1 March 2018
An approaching surface low pressure center passed over west central Indiana on 1 March 2018 (Fig. 6), bringing widespread precipitation and gusty surface winds to the ACRE site. Most of the precipitation was forecast to occur in the warm sector of the low, with little to no trailing precipitation behind the cold front. Accordingly, a melting layer IOP was declared. DOW7 deployed at the ACRE site from 1300 to 1800 UTC, recording increased backing winds, indicating cold air advection in association with the frontal passage (FROPA; Fig 7). The IOP ended when the precipitation shield exited the range of the DOW at 1800 UTC.
While the DOW was deployed, other EAPS 52300 students launched three iMet radiosondes from Purdue campus, recording the boundary layer cooling during the cold frontal passage (Fig. 6). Interestingly, the top of the boundary layer appeared to warm back up slightly following the surface frontal passage, even as the surface temperatures cooled. As a result, the 0 °C level dipped from 2489 m MSL at 1403 UTC to 2074 m MSL at 1616 UTC, then rebounded to 2229 m MSL at 1742 UTC.

Fig. 8: Temperature profiles at Purdue campus, measured by radiosondes launched during IOP1. The height of the 0 °C level in each profile is marked by a large dot.
EAPS 52300 student P. Saunders performed QVP analyses of the DOW data for this IOP (Fig. 7). This analysis showed clearly that the melting layer descended toward the surface during the cold FROPA, before rebounding slightly just prior to the end of the IOP. This behavior matches what would be expected based upon the sounding temperature profiles (Fig. 6). An interval of enhanced differential attenuation above the melting layer was also noted at 1704 UTC (Fig. 7b), associated attenuation to the northeast of an area of relatively heavy, possibly convective precipitation northeast of the DOW (Fig. 8a). An RHI scan through this cell (not shown) showed a relatively shallow, weak ZDR column.

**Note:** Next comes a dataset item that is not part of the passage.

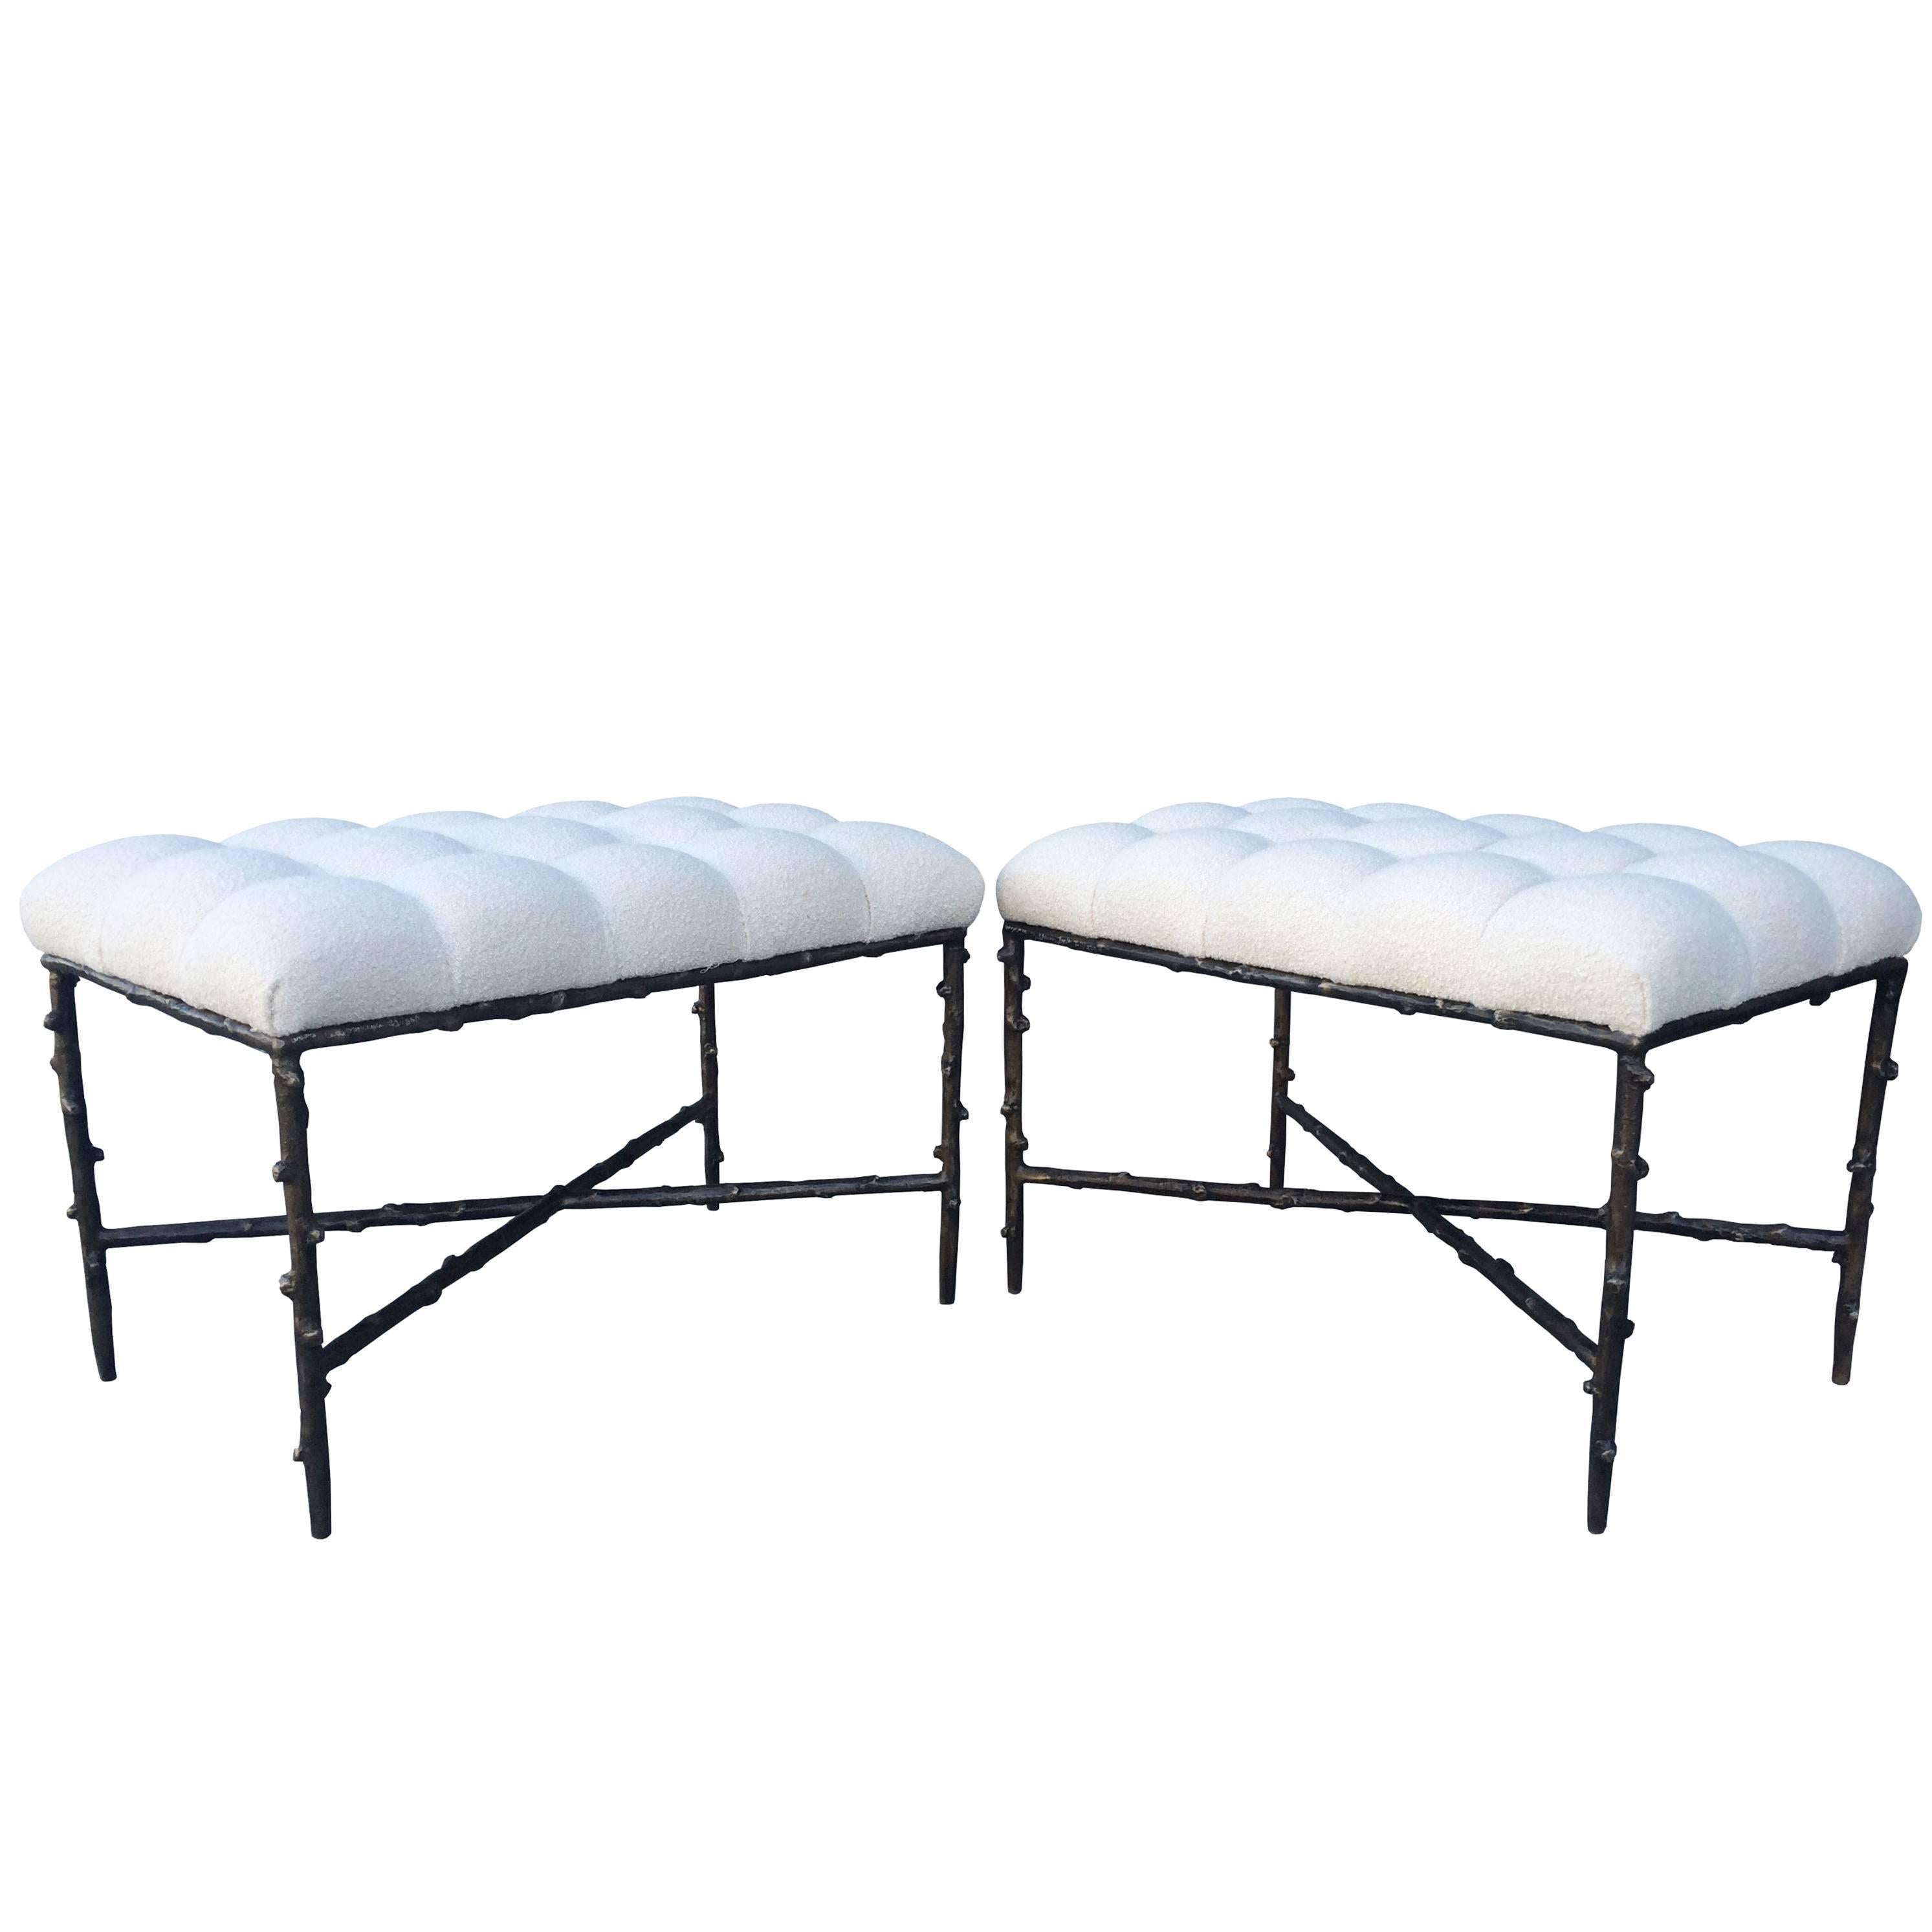 Solid Bronze Benches with Tufted Seats, Limited Edition of 200, Numbers 1 and 2

Fig. 10 (clockwise from top left) PPI displays of DOW7 reflectivity (in dBZ), Doppler velocity (in m s-1), correlation coefficient (unitless), and ZDR (in dB) at an elevation angle of 4.0° at 1704 UTC.
The DOW7 polarimetric observations, including ZDR (e.g., Fig. 11a) and the temperature profile from the 1742 UTC radiosonde (Fig. 8) were ingested into the semi-supervised hydrometeor classification algorithm (SSHCA; Besic et al. 2016) contained in Py-ART. The ratio of gates classified as vertically aligned ice (VI) to dry snow (DS) seemed unrealistically high for the warm sector of an extratropical cyclone (Fig. 11b). Through azimuthal averaging of the near-vertically pointing “birdbath” scans (Gorgucci et al. 1999) collected with each volume (not shown), it was found that ZDR values recorded by the DOW’s “high” channel (9.5 GHz) were biased approximately 2.75 dB too low. ZDR values less than zero above the melting layer are commonly associated with vertically aligned ice. Applying a ZDR bias correction factor (Fig. 11c) resulted in a much more realistic ratio of vertically aligned ice to dry snow classified gates (Fig. 11d).